The United Nations high commissioner on human rights is looking into whether Zwarte Piet, considered an essential part of the Sinterklaas festivities, is a racist stereotype, the NRC reports.
In a letter to the Dutch government in January, the body stated that according to information it has received ‘the character and image of Black Pete perpetuate a stereotyped image of African people as second class citizens, fostering an underlying sense of inferiority in Dutch society’.
The letter also hints that the character of Black Pete may undermine the Netherlands’ efforts to have the Sinterklaas celebrations recognised as part of the official Unesco immaterial cultural heritage listings. It ends by asking the Netherlands to answer five key questions about the tradition and the public debate.
The letter was replied to by the Dutch ambassador to the UN, Roderick van Schreven. In his answer, dated July, the ambassador says the Netherlands has not applied to have Sinterklaas included on the UN’s cultural heritage list and that the government is aware ‘Black Pete’ is considered offensive by some people.
The government regards Sinterklaas as a children’s festival with a ‘focus on Sinterklaas who hands out presents’, the ambassador states.
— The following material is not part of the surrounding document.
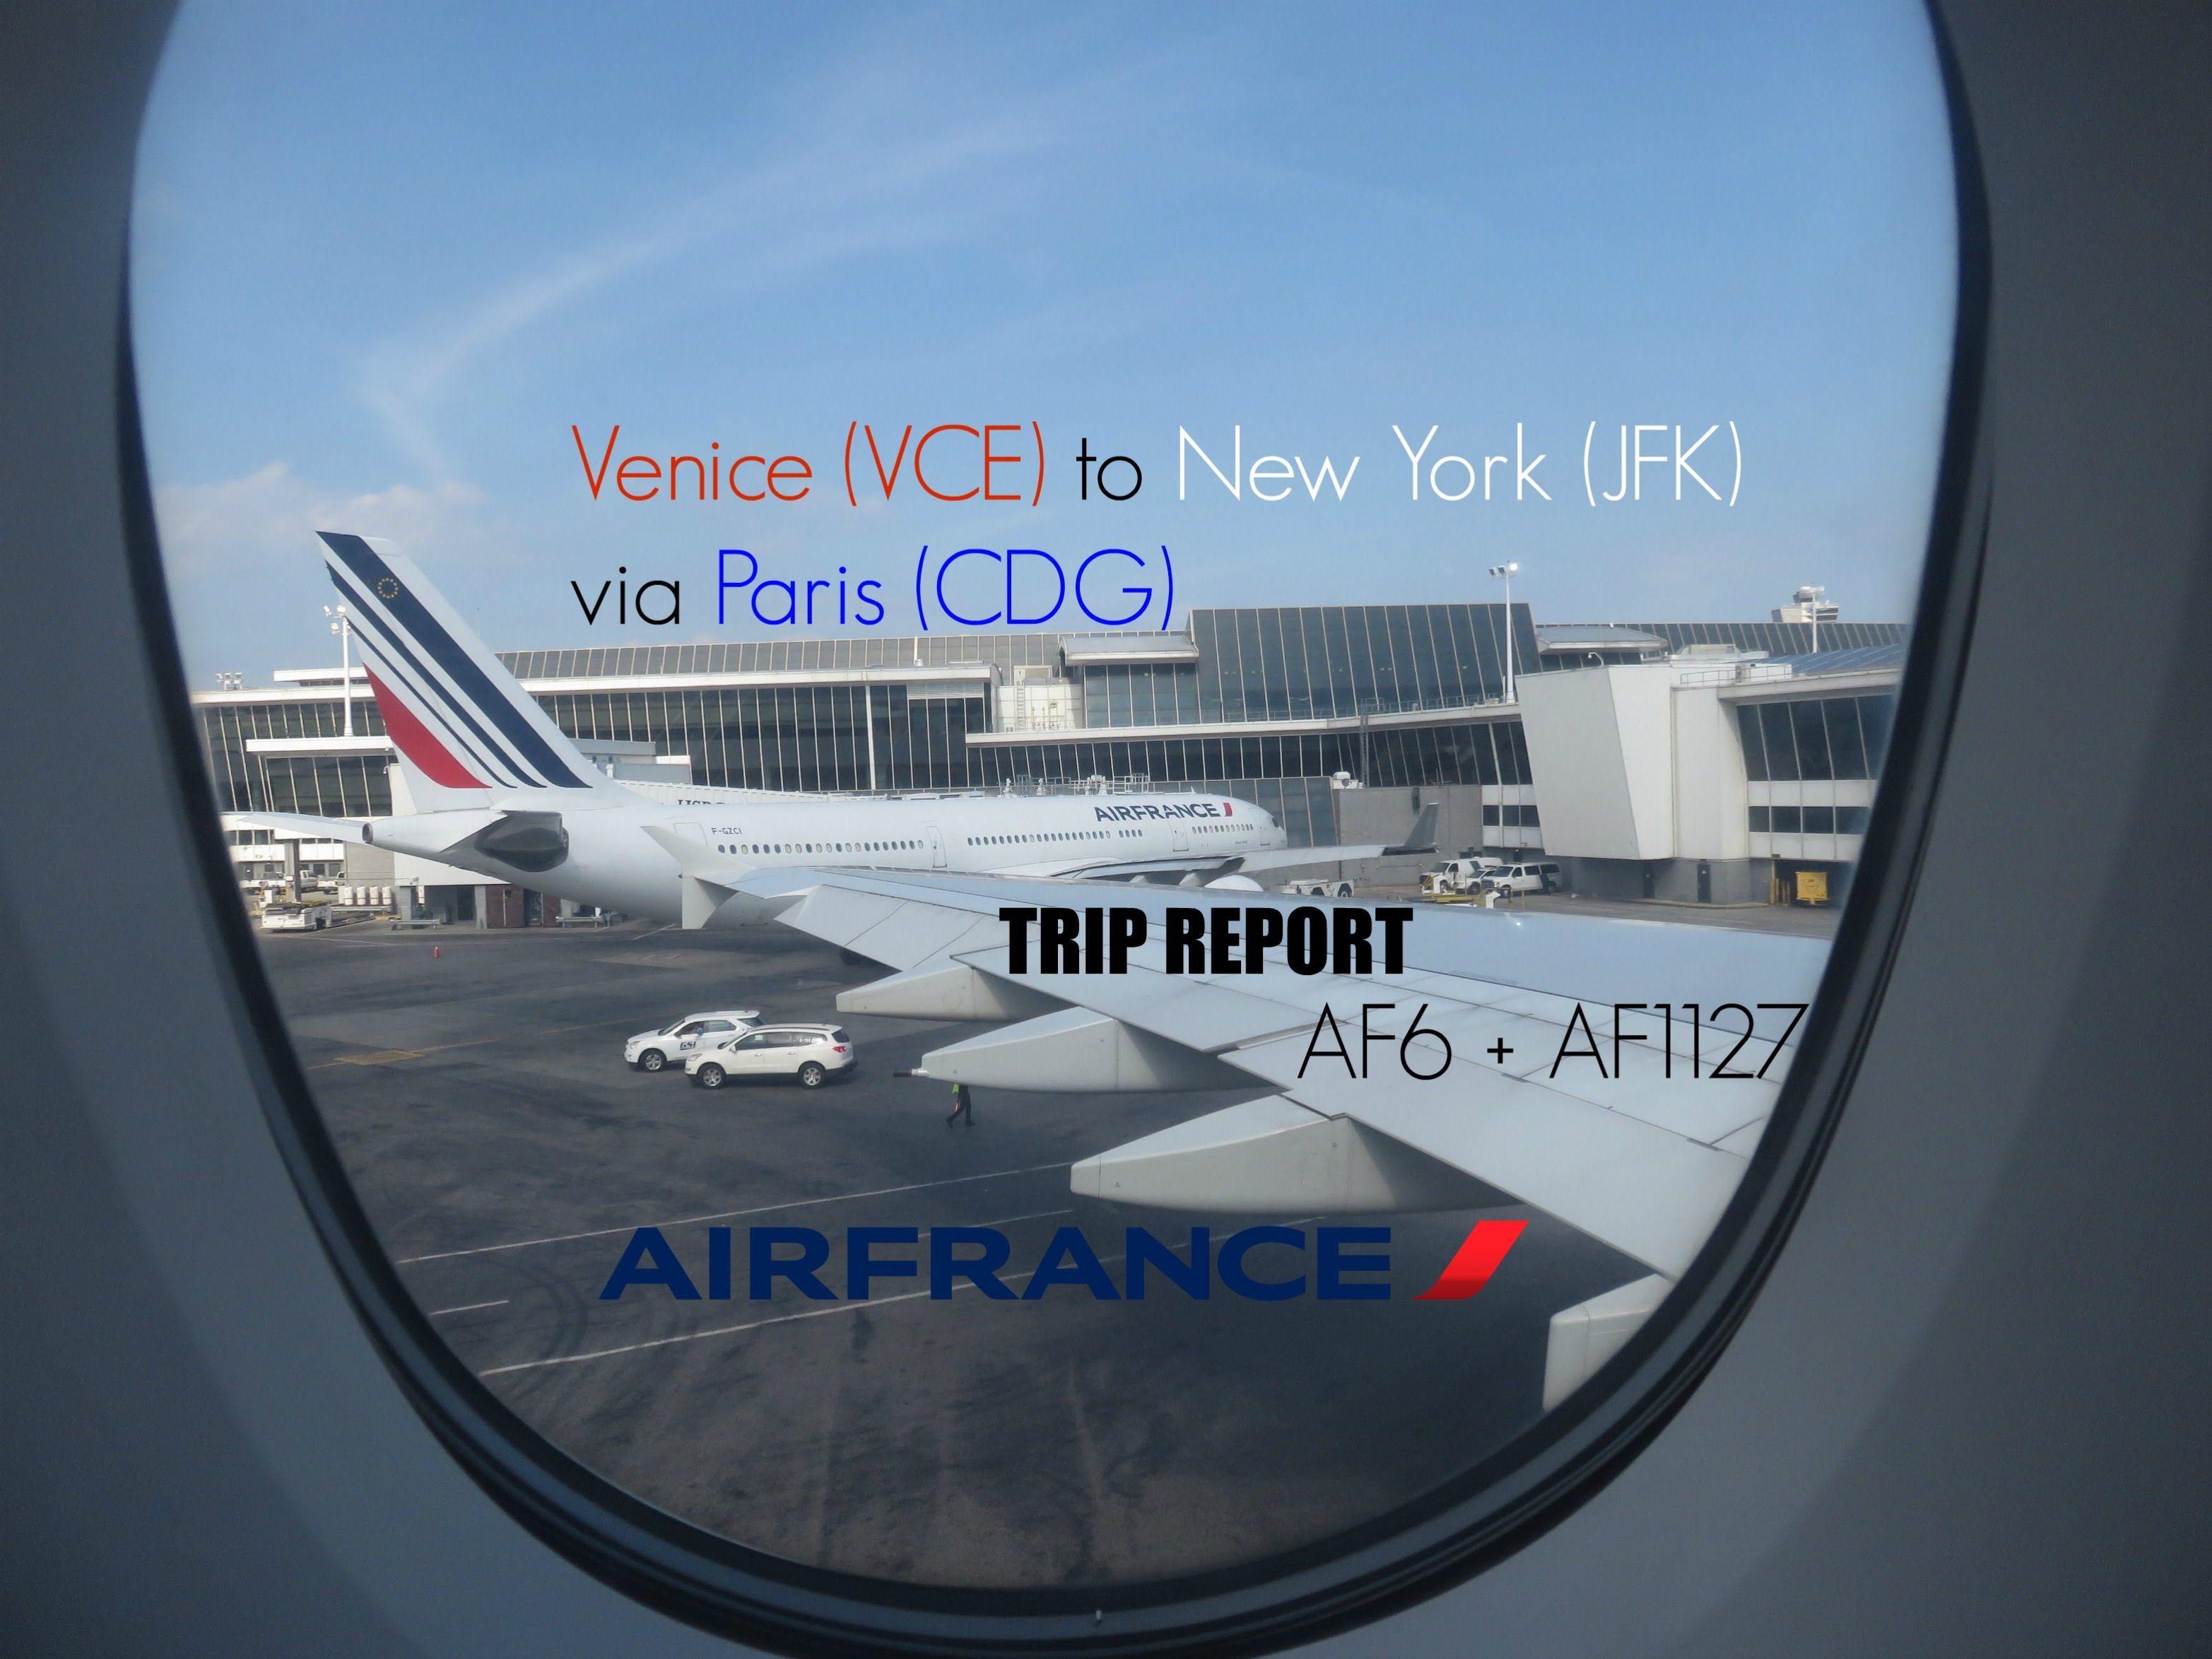 Air France (AF1127 + AF6) I VCECDGJFK I Economy Flex

The NRC says the UN officials will discuss the Dutch response to their letter at the end of November.
Prime minister Mark Rutte was asked for his opinion about the ongoing Zwarte Piet debate by reporters on Friday and said he does not consider it an issue for the government. In Amsterdam, activists are trying to stop the traditional Sinterklaas procession because of the inclusion of Zwarte Piet.